* Work instruction: In the data below, find the line containing "ATU TOYS – Vineri, 9"; transcribe it and each line after it exactly, through the last, skipping pictures.

*** Data provided Section Begins ***

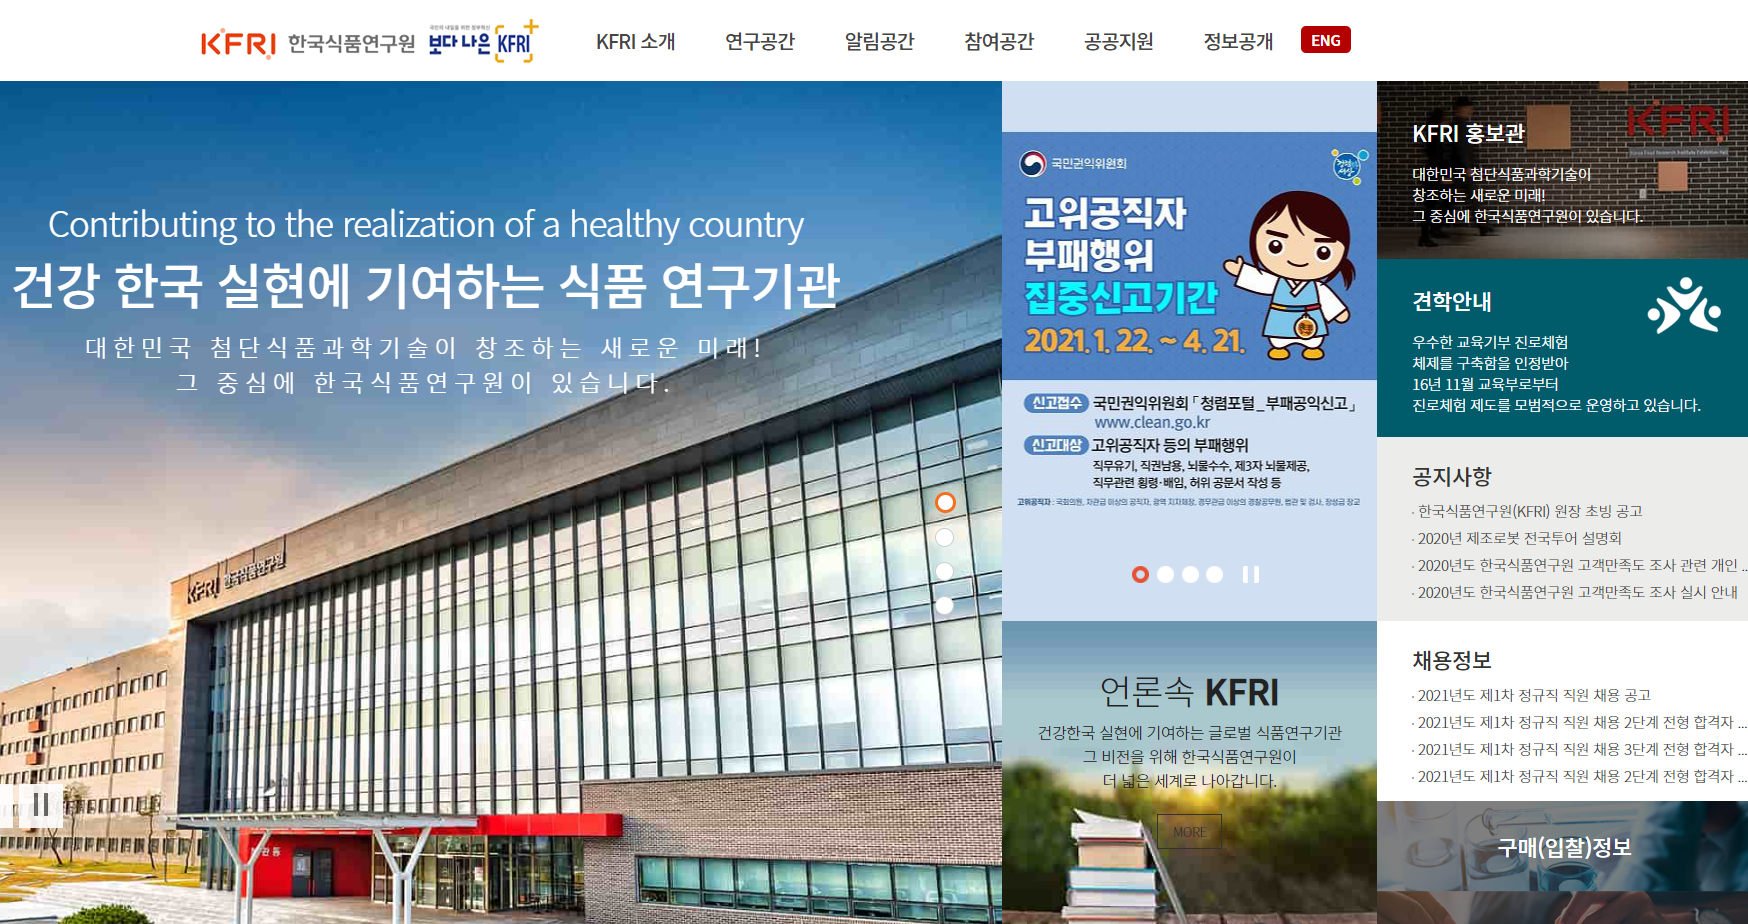 한국식품연구원 대표 홈페이지 스크릿샷
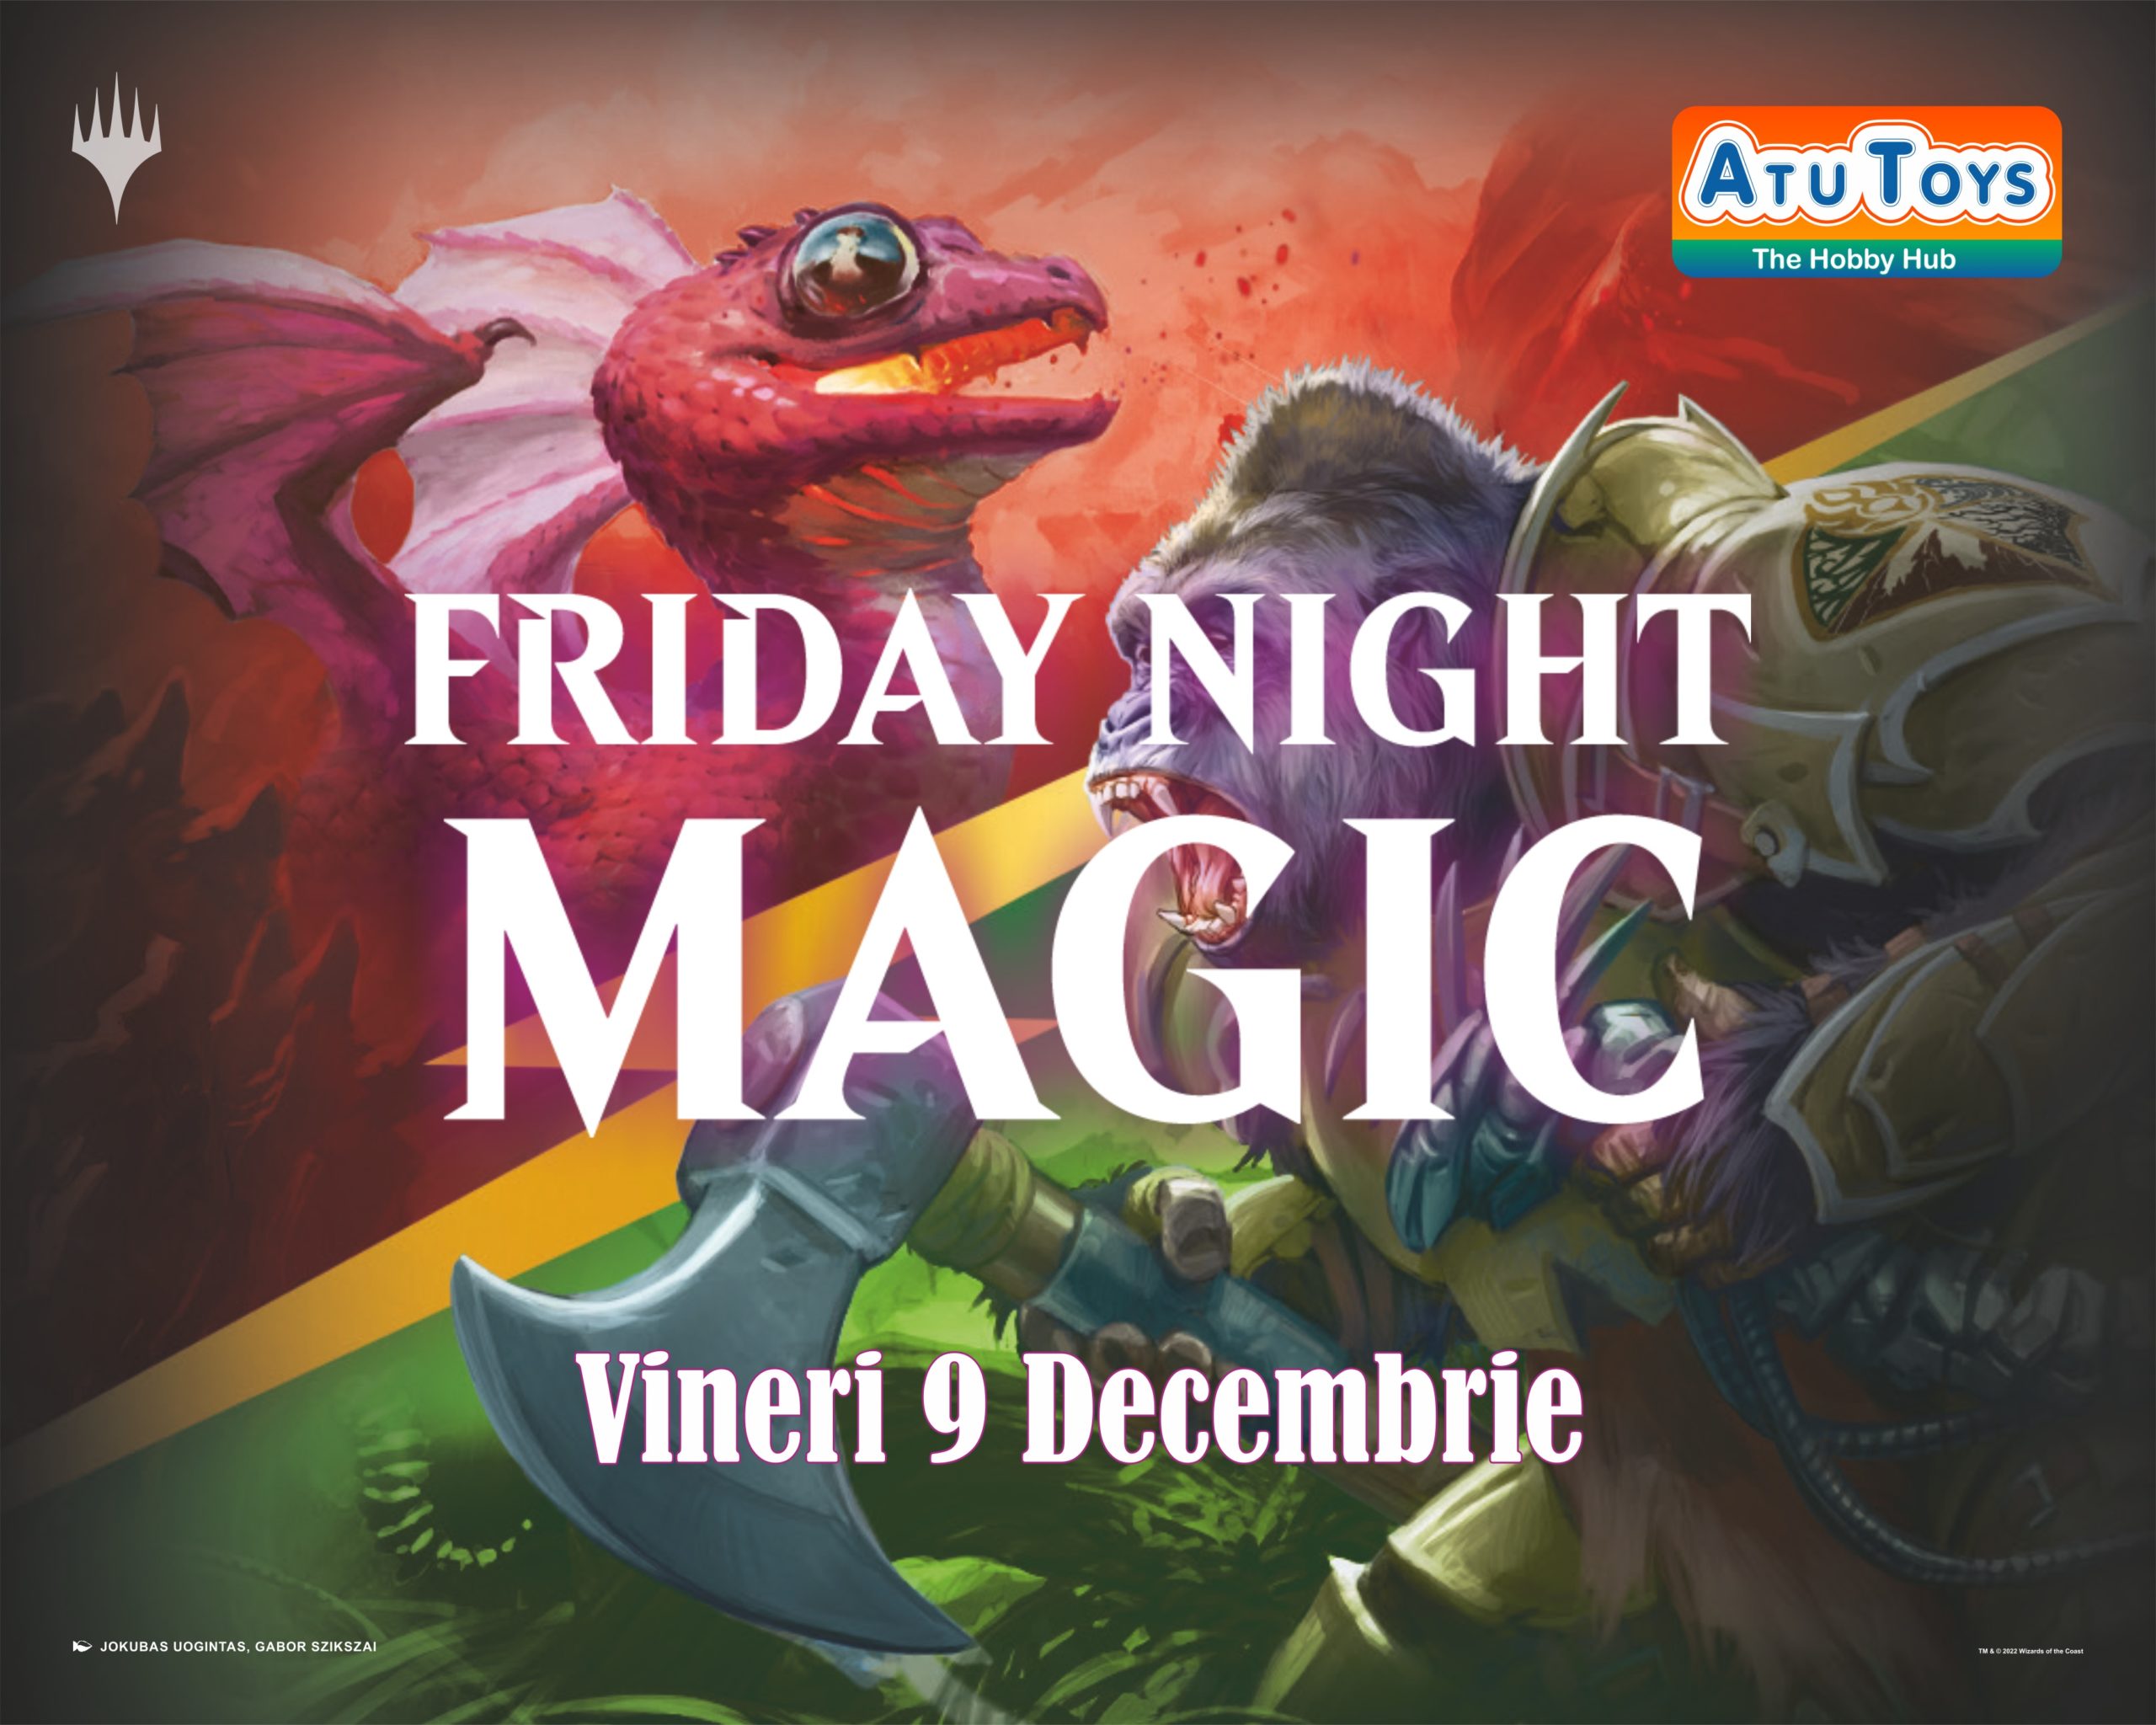 ATU TOYS – Vineri, 9 Decembrie – Friday Night Magic
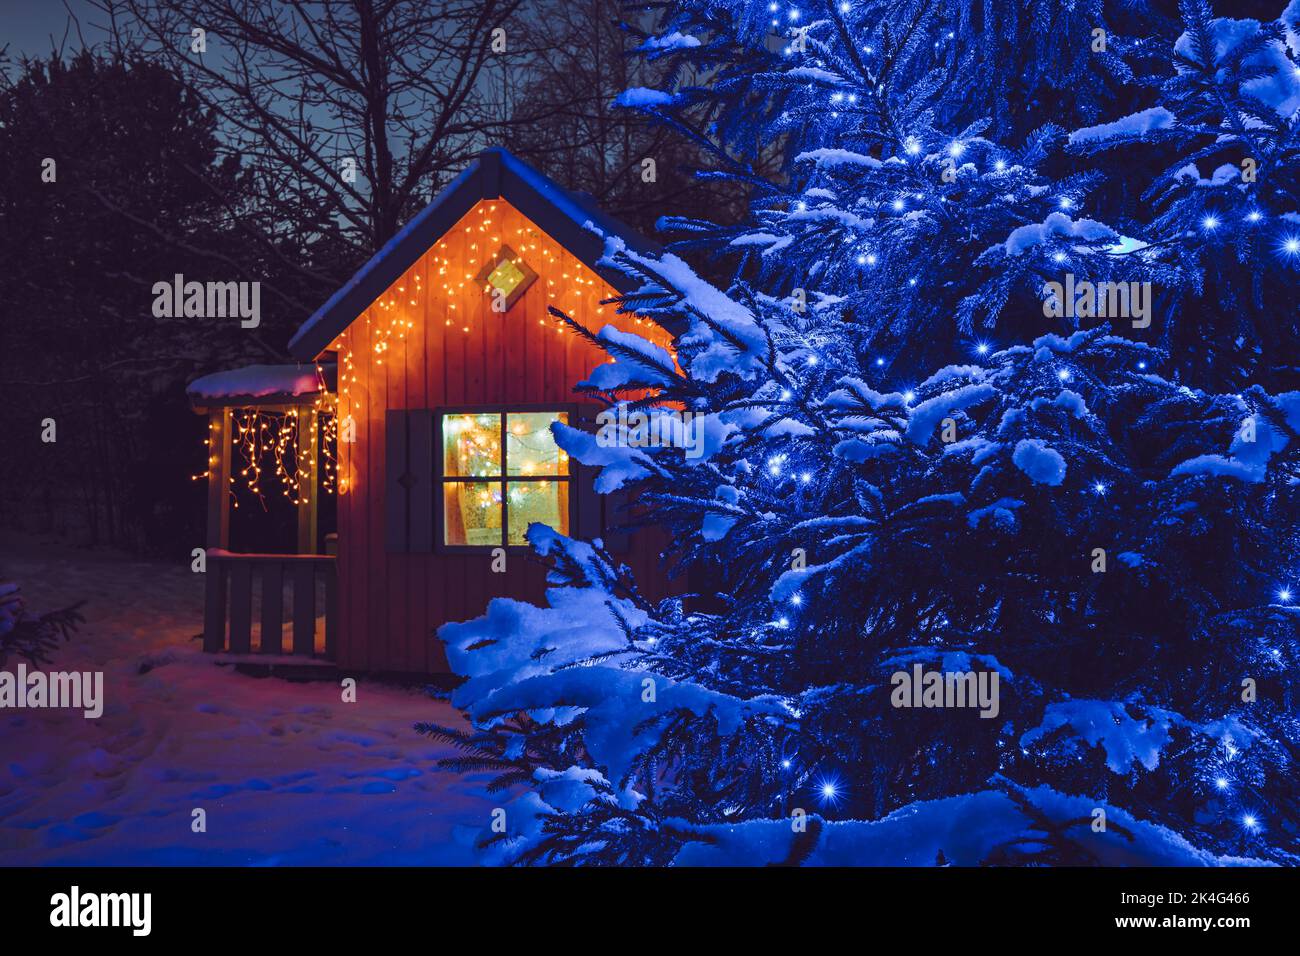 Carino gioco casa in legno giardino casa, decorato con luci a LED Natale stringa all'aperto in fredda notte di avvolgimento. Abete di Natale decorato con blu. Foto Stock

*** Data provided Section Ends ***

* Answer to this problem:
 ATU TOYS – Vineri, 9 Decembrie – Friday Night Magic
 Carino gioco casa in legno giardino casa, decorato con luci a LED Natale stringa all'aperto in fredda notte di avvolgimento. Abete di Natale decorato con blu. Foto Stock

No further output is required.